Date
24 September 2017
The pregnant woman posted on her Weibo a copy of the document (inset) showing that she was refused entry to Hong Kong.  Photos: HKEJ, Sina Weibo
The pregnant woman posted on her Weibo a copy of the document (inset) showing that she was refused entry to Hong Kong. Photos: HKEJ, Sina Weibo

Pregnant mainlander refused entry to HK, held for eight hours

Mainland social media was again abuzz on the issue of pregnant women visiting Hong Kong.

A woman from Beijing who is seven months’ pregnant said she was denied entry to Hong Kong and taken into custody for eight hours by immigration authorities even after she presented documents showing that she had no plans to give birth in the territory.

The woman and her husband had planned a four-day holiday in Hong Kong, but was refused entry at the airport last Saturday, according to a post on Sohu.com.

Upon learning that she was pregnant, immigration officers took the couple to a room for questioning. 

She told the officers that she had no plans to deliver her baby in Hong Kong. She showed them their round-trip air tickets, hotel bookings, pregnancy check-up records as well as a contract with a Beijing hospital for the baby’s delivery.

However, one of the officers told her that according to a local immigration ordinance, those who are more than 28 weeks’ pregnant are not allowed to enter the territory.

She and her husband were then taken by two officers to the departure gate where they boarded a plane back to Beijing.

Upon their arrival in Beijing, they were again questioned for about half an hour by mainland immigration officers who also checked their travel papers and the woman’s hospital records.

Writing on her blog, the woman said she and her husband lost their freedom for more than eight hours, and they were treated like prisoners by the Hong Kong immigration officers.
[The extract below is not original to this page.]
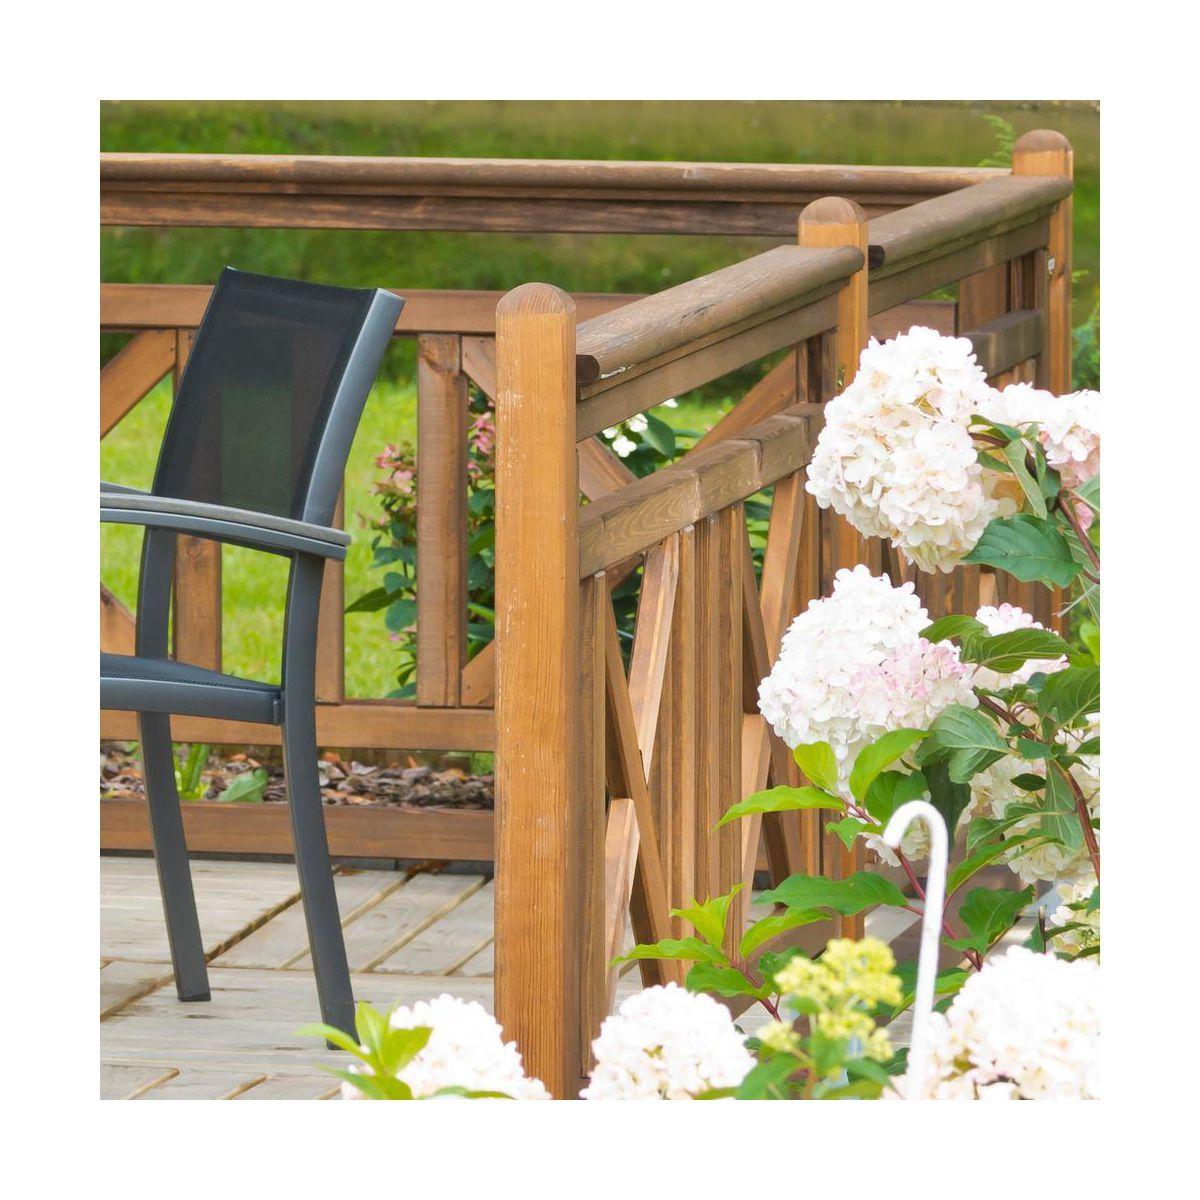 Plot Tarasowy Z Porecza Ken Sobex W Atrakcyjnej Cenie W Sklepach Leroy Merlin Outdoor Furniture Sets Outdoor Chairs Outdoor Furniture

She said her husband was not even allowed to go to the washroom.

The couple is considering hiring a lawyer to obtain legal redress.

Many of the mainland netizens who read her blog offered their sympathies, and said she was a victim of discrimination. Others called on tourists to stop going to Hong Kong, while others said the immigration department’s action was based on existing regulations.

Some Hong Kong residents accuse mainland women of wanting to give birth in the territory to gain residency rights, and complain about their impact on the city’s resources for healthcare and education. Many mainlanders, on the other hand, accuse Hong Kong residents of discrimination.